Je vous prie de m'excuser, monsieur le Président. Je dirai donc que cela illustre son manque de connaissances de base sur les consultations auprès des Autochtones et l'incidence du projet de loi C-69. Rien dans le texte de loi ni les amendements du Sénat ne remédie à la situation.
Pendant des décennies, le Canada a été un chef de file mondial dans l'intégration des connaissances traditionnelles et le savoir-faire autochtones dans l'examen de projets et les partenariats avec les communautés autochtones, surtout quand on regarde les 10 plus grandes régions productrices de pétrole dans le monde. Il est indéniable que les gouvernements doivent mieux s'acquitter de leurs devoirs à cet égard. Cela dit, le premier ministre a tort sur la question de même que sur le projet de loi C-69.

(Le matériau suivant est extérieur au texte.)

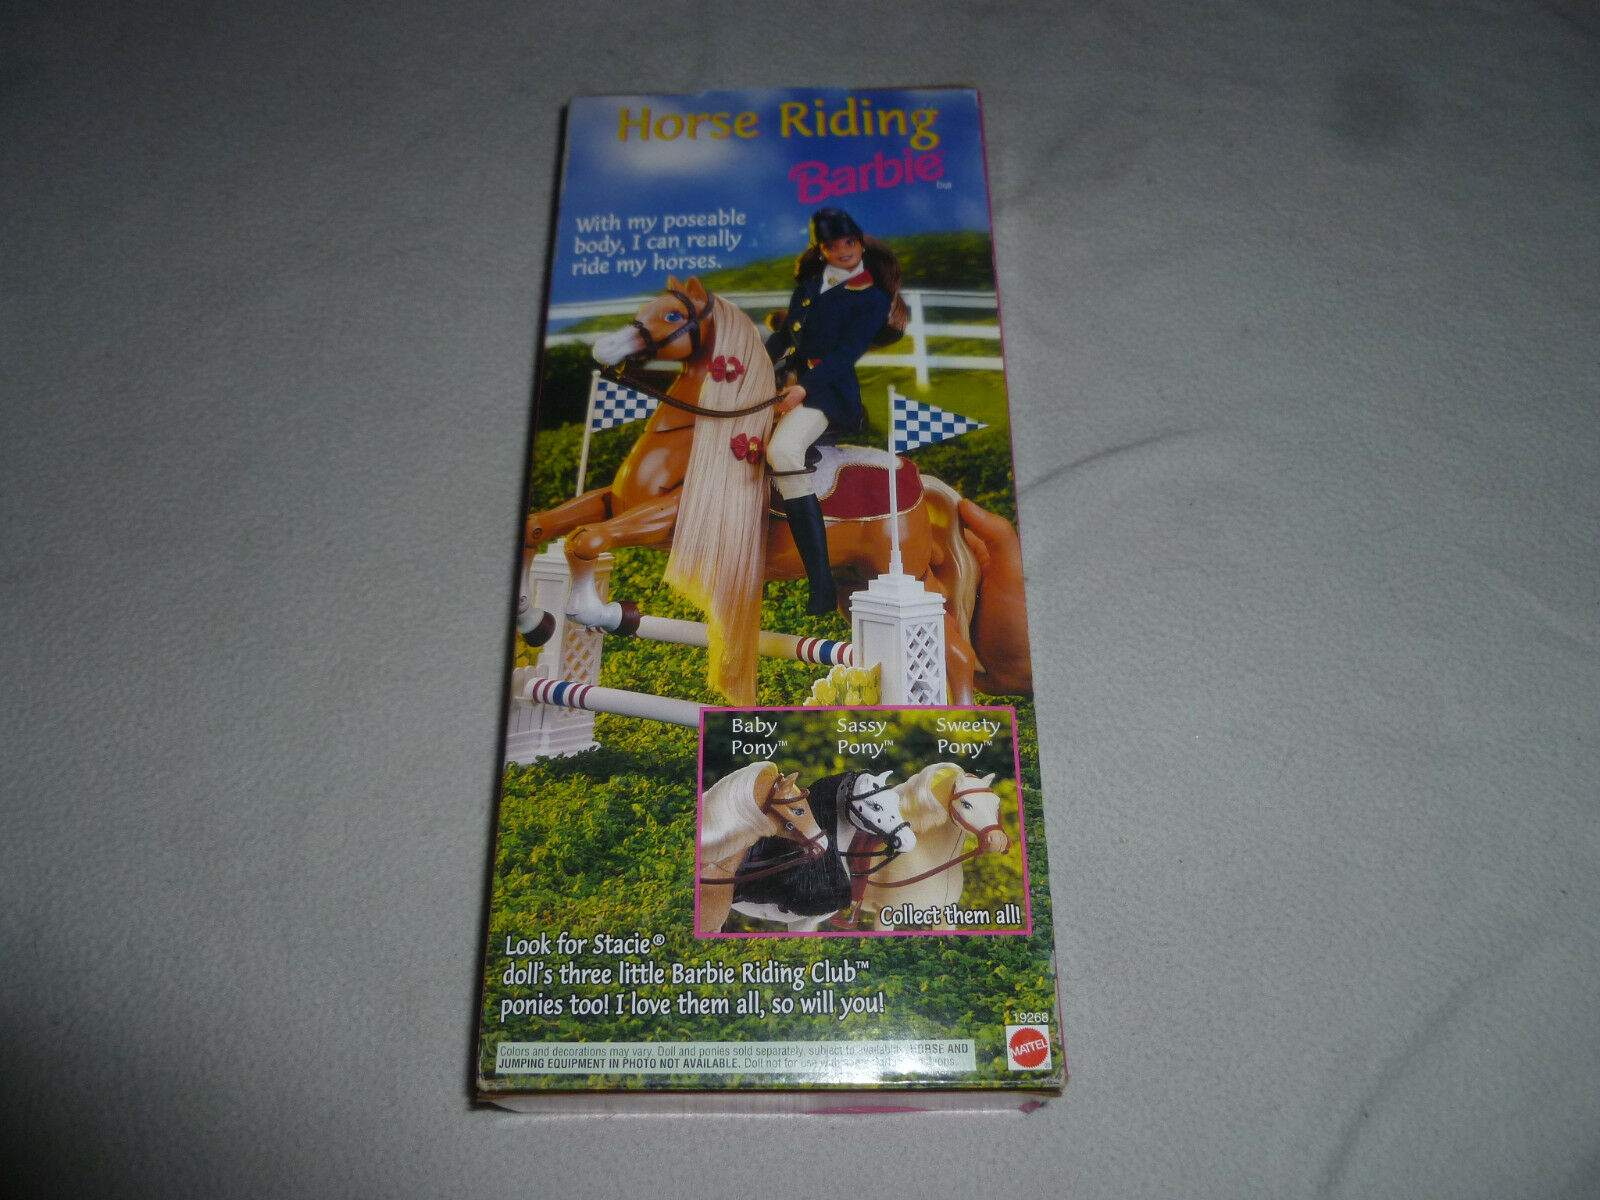 NEW IN BOX HORSE RIDING RIDING RIDING CLUB BARBIE DOLL MATTEL 19268 NIB 1997 POSEABLE BODY fbd401

Les amendements proposés par le Sénat et ceux rejetés par les libéraux venaient répondre aux préoccupations des communautés autochtones en donnant plus de poids à leur voix à titre de personnes directement touchées grâce à une mobilisation précoce puis tout au long du processus d'examen.
Mark Wittrup, vice-président des affaires environnementales et réglementaires au cabinet Clifton Associates, a insisté sur ce point. Selon lui, le projet de loi C-69 « causera des retards importants, empêchera les gens de saisir des occasions et aura vraisemblablement des répercussions sur ceux qui ont le plus besoin de projets de développement économique, c’est-à-dire les collectivités nordiques et autochtones ».
Depuis trois ans et demi, les libéraux nourrissent l'incertitude autour de l'exploitation des ressources avec l'imposition de coûts et d'étapes bureaucratiques supplémentaires par l'intermédiaire de politiques comme la taxe sur le carbone. Le Canada est le seul pays parmi les 10 plus grands producteurs de pétrole à avoir une telle politique.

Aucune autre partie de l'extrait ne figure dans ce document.